Ketua Umum Adinkes, dr. M. Subuh MPPM, menyampaikan bahwa pendekatan melalui perangkat desa mendapat respons positif dari masyarakat. Dalam kegiatan ini, Adinkes juga mendorong dinas kesehatan di daerah untuk mengevaluasi program penanggulangan stunting dan penyakit menular.
“Melalui Seminar dan Lokakarya 2025, kita ingin memperkuat advokasi dan sosialisasi kepada desa. Karena itu, kami menggandeng berbagai pihak, termasuk pemerintah, organisasi dalam dan luar negeri, masyarakat, dan swasta,” kata Subuh. Seminar dan Lokakarya Nasional 2025 ini dilangsungkan di Four Points Hotel Ungasan pada 29 April hingga 2 Mei 2025.

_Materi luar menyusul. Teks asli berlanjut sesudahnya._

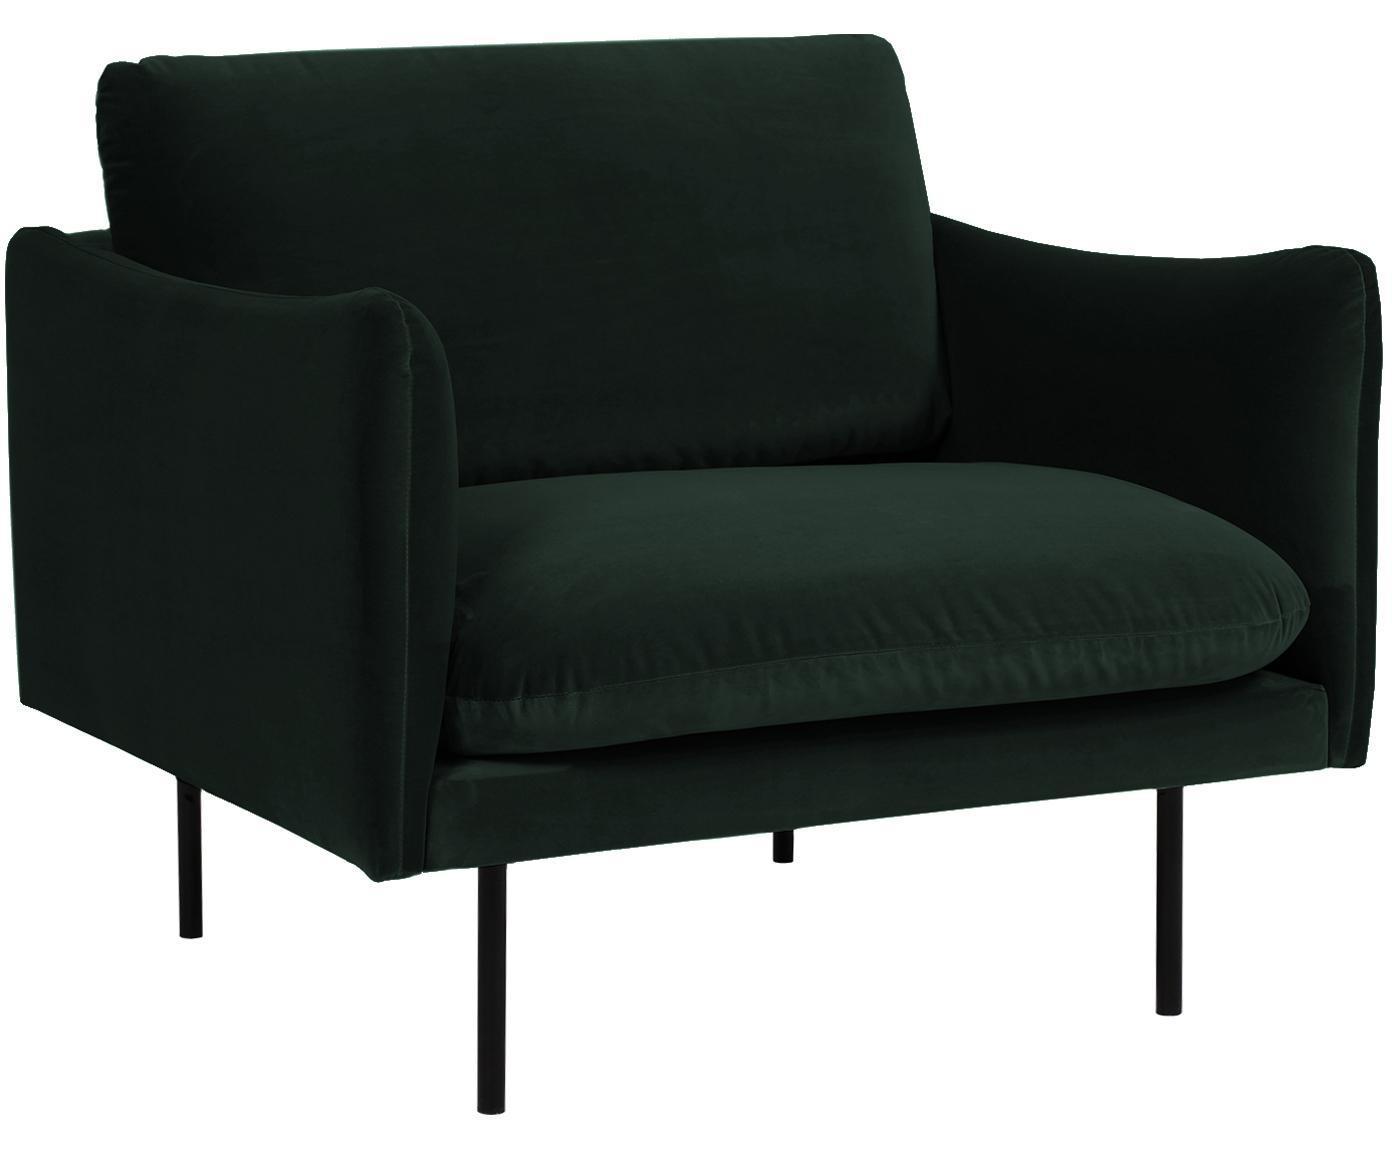 Fluwelen fauteuil Moby, Bekleding: fluweel (hoogwaardige pol, Frame: massief grenenhout, Poten: gepoedercoat metaal, Donkergroen, B 90 x D 90 cm
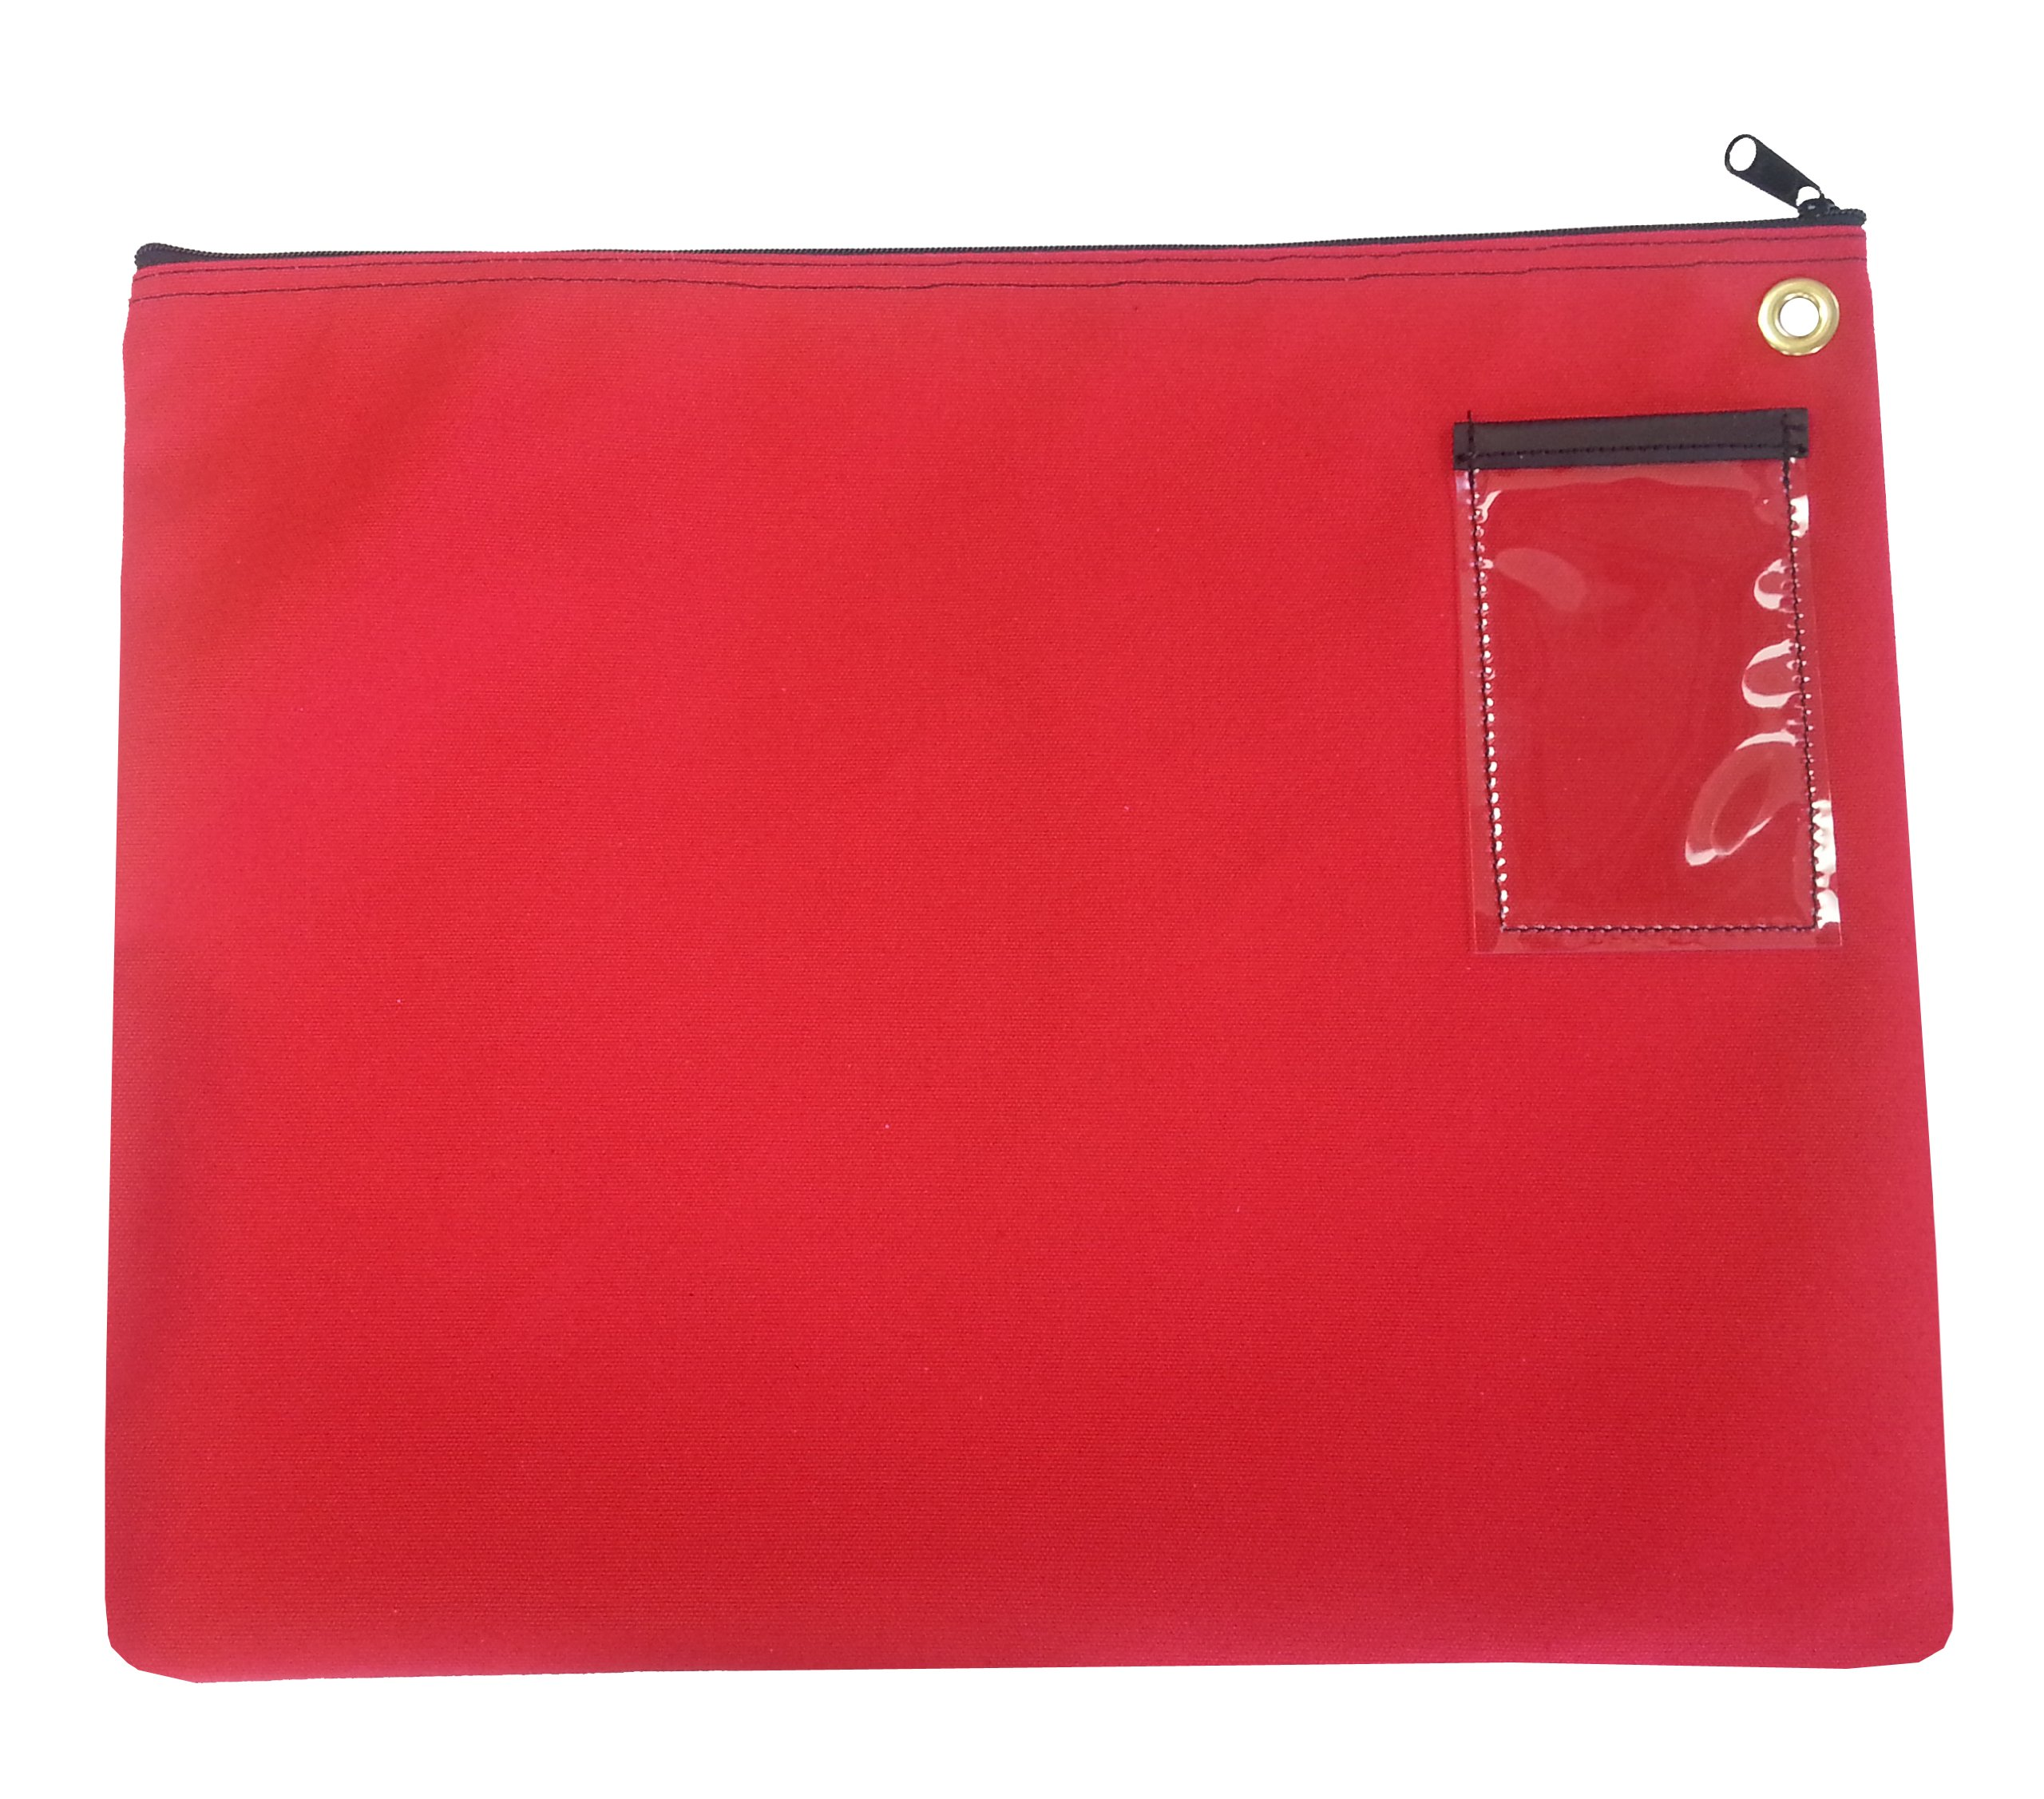 Interoffice Mailer Canvas Transit Sack Zipper Bag 18w x 14h Red

Program Generasi Maju Bebas Stunting Award 2025 diharapkan menjadi stimulan agar dinas kesehatan berlomba melakukan inovasi. Terdapat tiga kategori penghargaan, yakni inovasi pengolahan pangan lokal dan PKMK, pemanfaatan kolaborasi lintas sektor dan teknologi informasi, serta pemberdayaan dan edukasi masyarakat terkait ASI dan sistem rujukan berjenjang.
Menurut data Survei Kesehatan Indonesia (SKI) 2023, prevalensi stunting nasional tercatat sebesar 21,5 persen. Meski mengalami penurunan dalam satu dekade terakhir, angka tersebut masih di atas ambang batas yang ditetapkan WHO, yakni 20 persen.